When searching for data viz tools, Tableau came up. Tableau is a leading analytics company with a free version that allows users to explore, create, and share data visualizations online.

They provided sample data sets and a mini-course on learning foundational Tableau concepts and terminology while building an interactive dashboard for a fictitious company. I downloaded the Superstore Sales sample data which contained information about products, sales, and profits that we could use to identify key areas of improvement within the company.

I learned how to:

  • import the data and relate multiple tables to create a single data source
  • navigate the Workspace Area
  • create and format maps, profit/country for example
  • create area charts, sales by category for example
  • create text table reports on Key Performance Indicators
  • build an interactive dashboard that’s shareable and easy to navigate

While the course included 8 how-to videos that lasted less than an hour in total, replicating the teacher’s actions and actually learning to do the tasks above took way longer. The teaching style wasn’t my favorite either (quite dry/monotonous), but maybe that’s on me for expecting something else from training for an enterprise tool.

My first data viz: Great British Bake Off in Tableau

To create my first data viz without instructions, I used Tableau’s available data sets, specifically The Great British Bake Off data set which included 13 years of data on different episodes, contestants, and themes.

I still had a long way to go, though. I built a data viz based on 13 years of data using Tableau and tried a few different things to get to a single interesting graph.

For example, I wanted to see if a cooking theme (like Caramel or Vegan) resulted in better evaluations from the judges, but realized higher evaluations (as calculated by the number of “Star baker” evaluations given in every season) coincided with the most common themes (Cakes, Bread).

Check out my first data viz: handshakes given by judge Paul Hollywood to GBBO contestants per year (Tableau) and the process (Instagram video).

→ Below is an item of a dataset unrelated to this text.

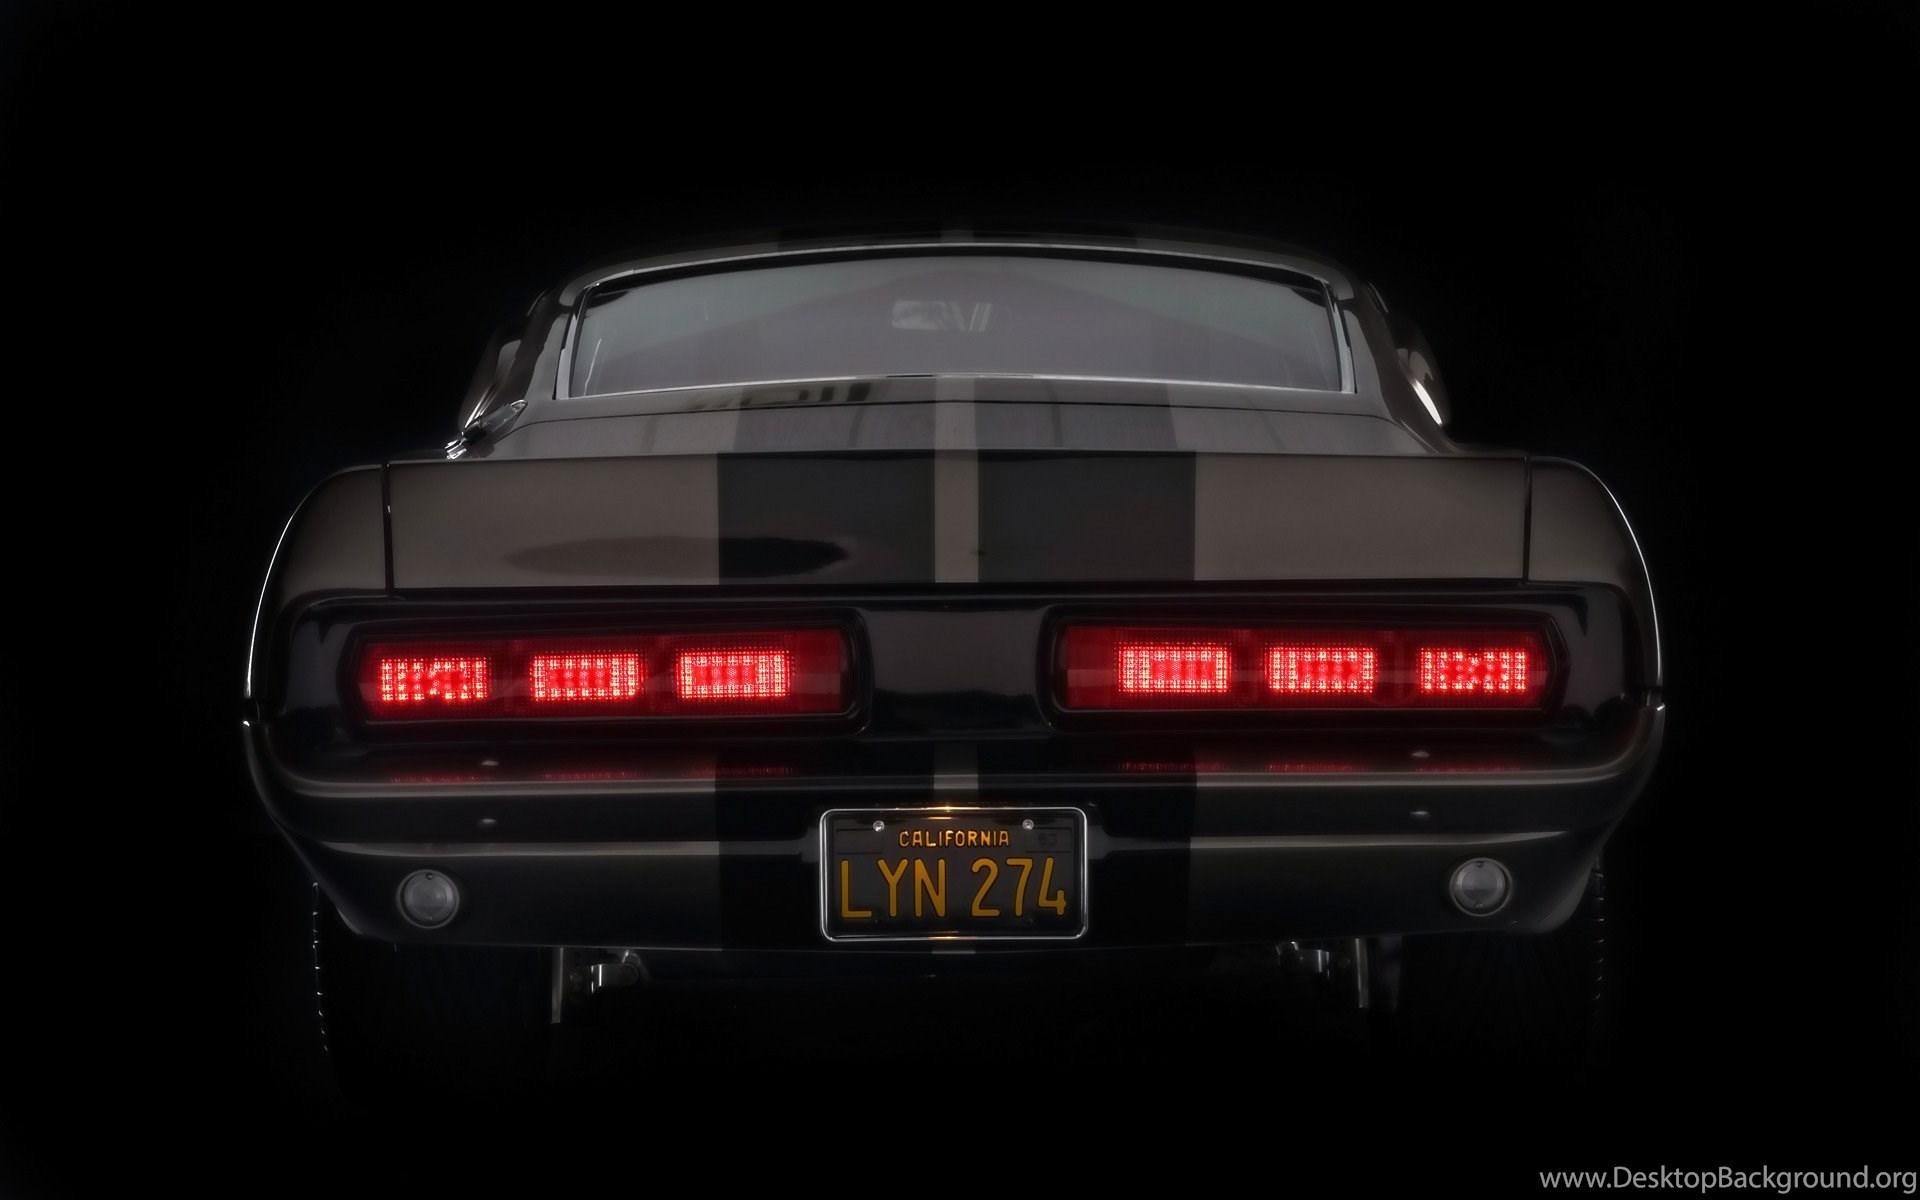 1967 Mustang Fastback Gone In 60 Seconds Eleanor Rear Lights
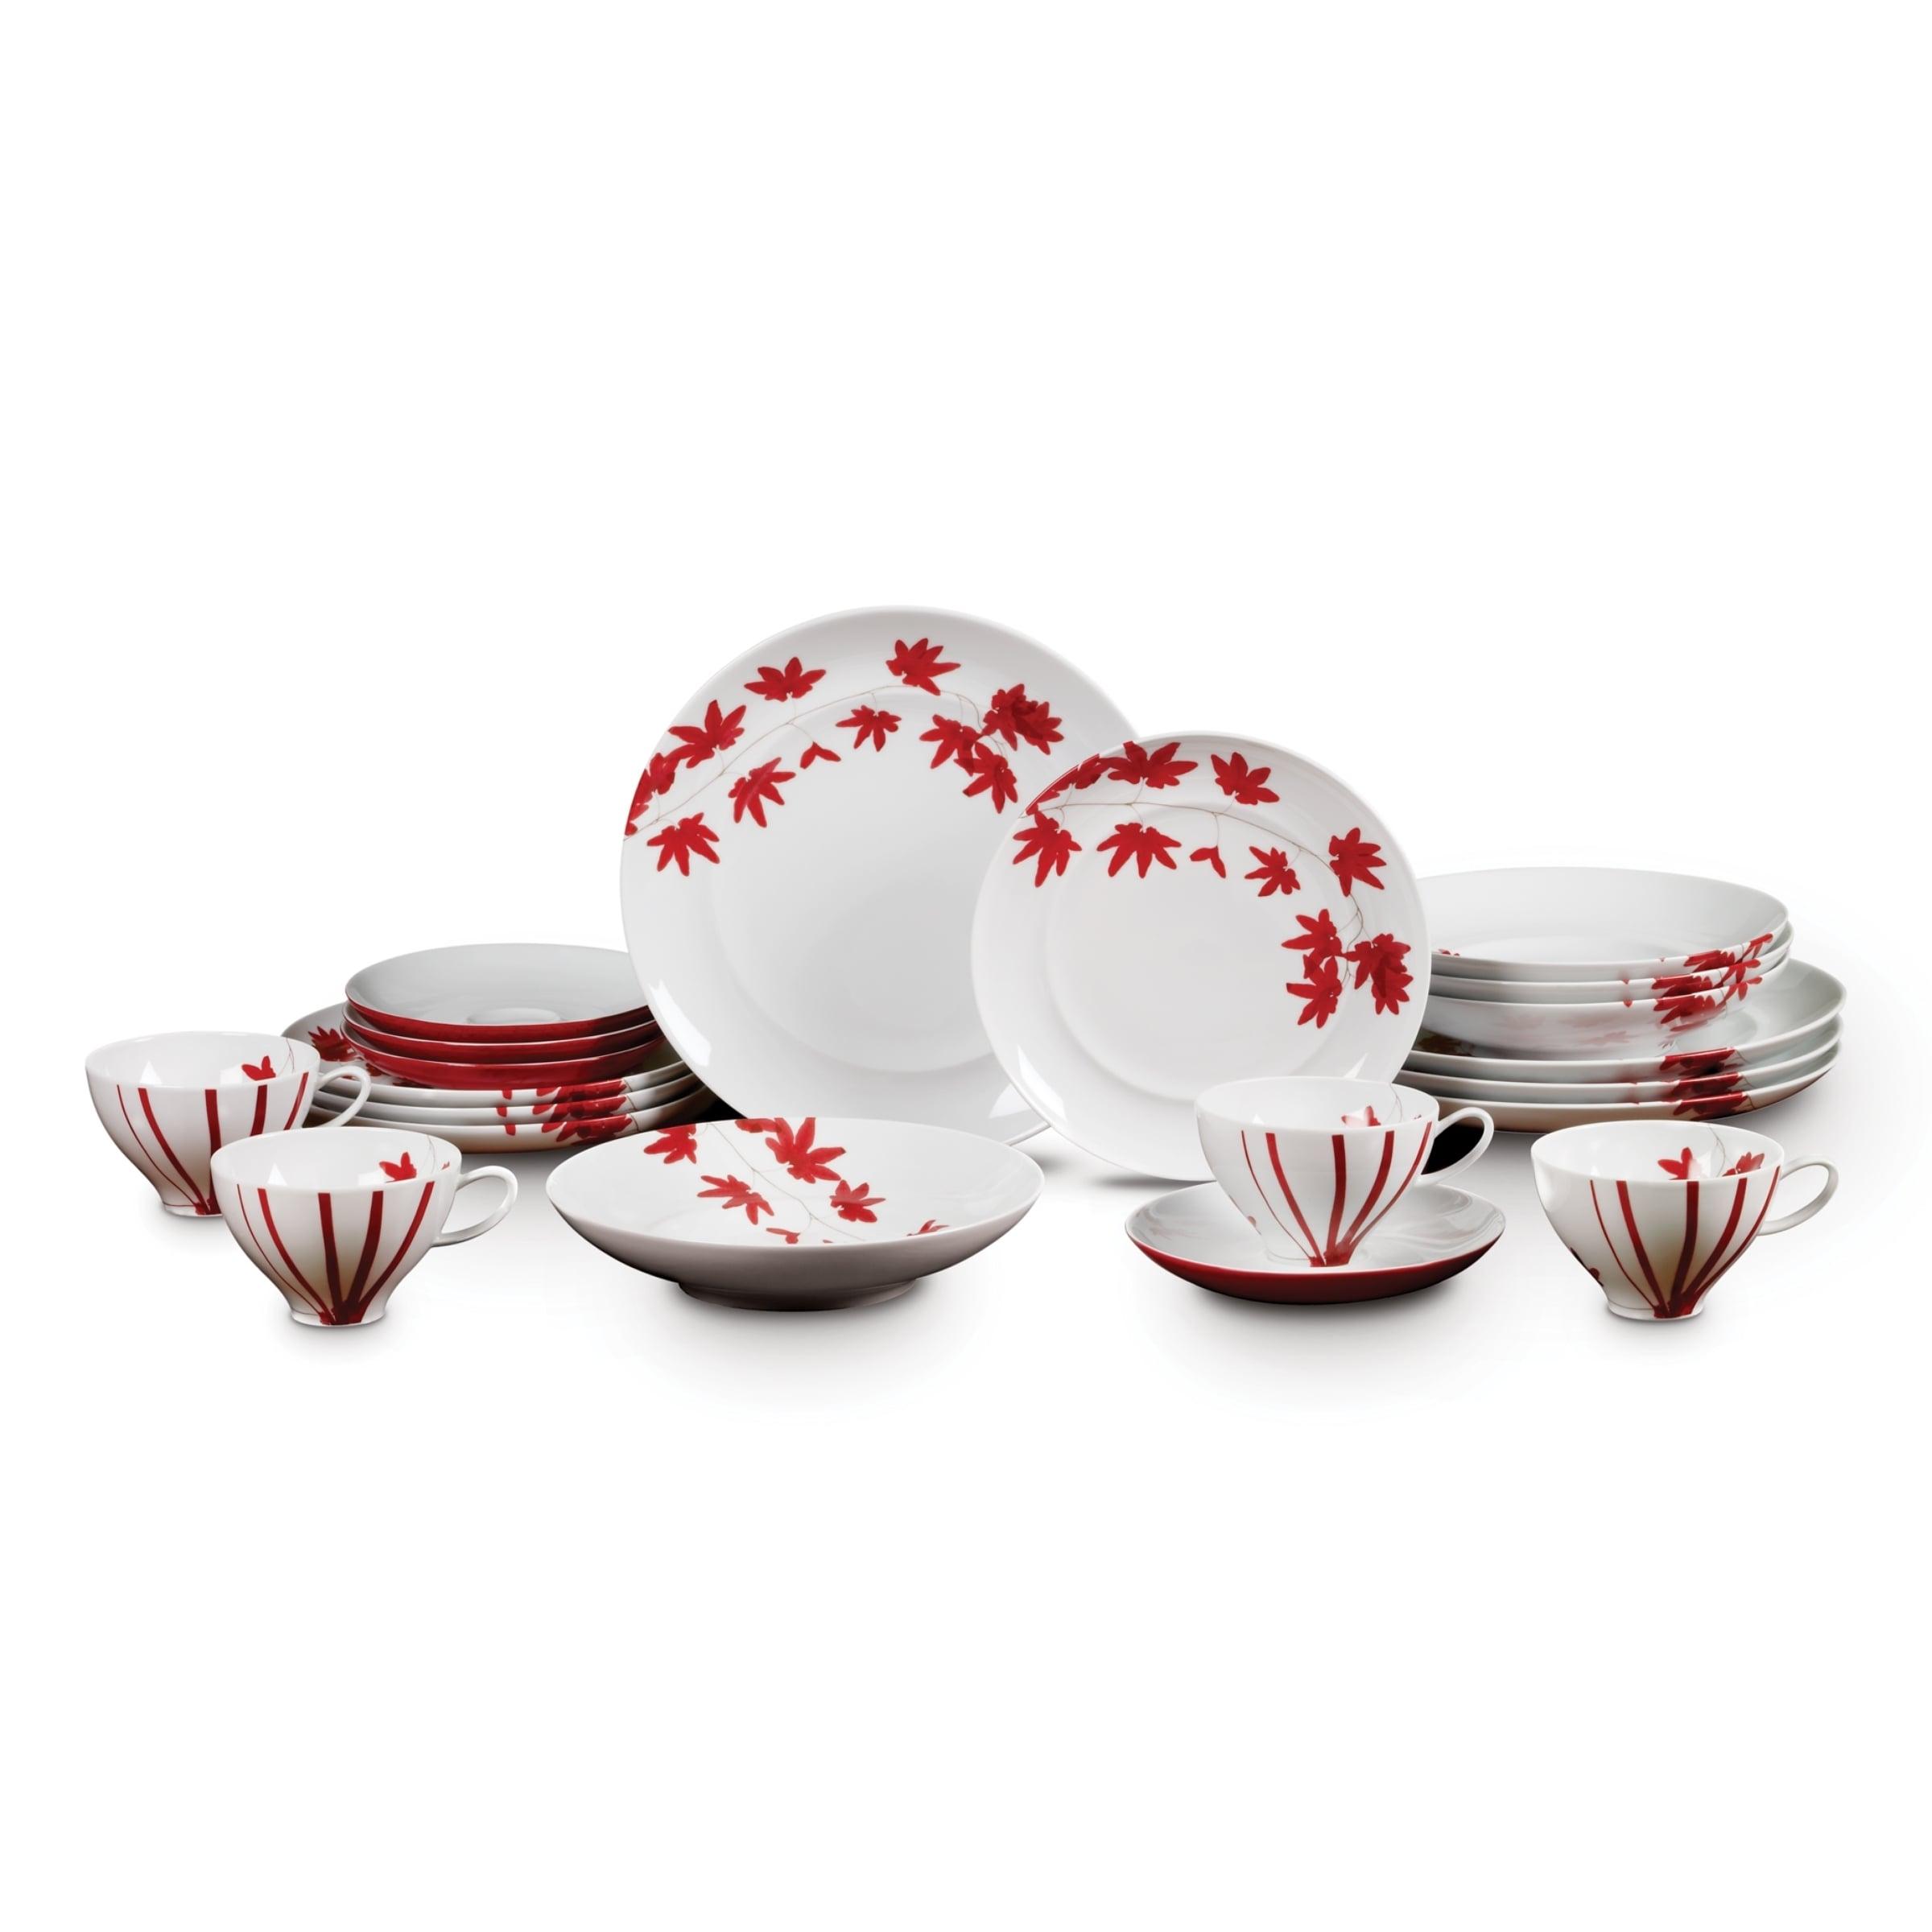 Mikasa Red Porcelain Dinnerware Set Overstock 12897871

Handshakes given by judge Paul Hollywood to contestants per year

Learning by doing: Gathering data and choosing the right type of data visualization

For the Great British Bake Off, I had the data set and went looking for interesting connections between the data. How would the process look the other way around, for example, if I wanted to analyze the popularity of cold brew, one of my year-round favorite drinks? Where would I find the data and how would I “add” it to Tableau?

I’m particularly interested in topics related to 🎴☕️daily life☕️🎴 so I decided to try and get answers to everyday questions. My list of potential data visualizations included:

  1. Chair preferences in different countries
  2. “Trad wife” popularity
  3. Hymns – oldest/youngest, shortest/longest, updates, authors
  4. Getting your nails in done – comparing Austria, Albania, and the US
  5. Number of times “mom” is mentioned in rap songs
  6. How “in” is cold brew? Does that change with the seasons or do people want it year-round like me?
  7. Is everyone actually talking about frogs or is my social media feed reflecting my interests, not general sentiment?

Lisa Charlotte Muth suggests:

Start with the data, not with the topic

It’s unlikely you’ll get to work with data about that one exact thing you’ve always wanted to see visualized…because the data probably just doesn’t exist. Surprisingly many data sets, you will find, don’t exist. Or aren’t free for you to use. Or are just very well hidden on the internet. So instead of starting with a chosen topic, it’s way easier to look at what data sources exist and use them.”

Are there actually more tourists in Vienna during the holidays?

Lisa was right, as I would soon learn when I tried to visualize chair preferences in different countries. I googled it and searched for it on Kaggle, a large data community that offers thousands of free data sets, but couldn’t find related data sets. Statista, the statistics portal, was the closest I could get, but their market data isn’t free.

I changed my questions to “Are there actually more tourists around during this time of year?” and “Which districts in Vienna have more dogs?”

For the first question, I relied on Google Trends. For the second one, I found a large data set from the city of Vienna that I could format to get my answer.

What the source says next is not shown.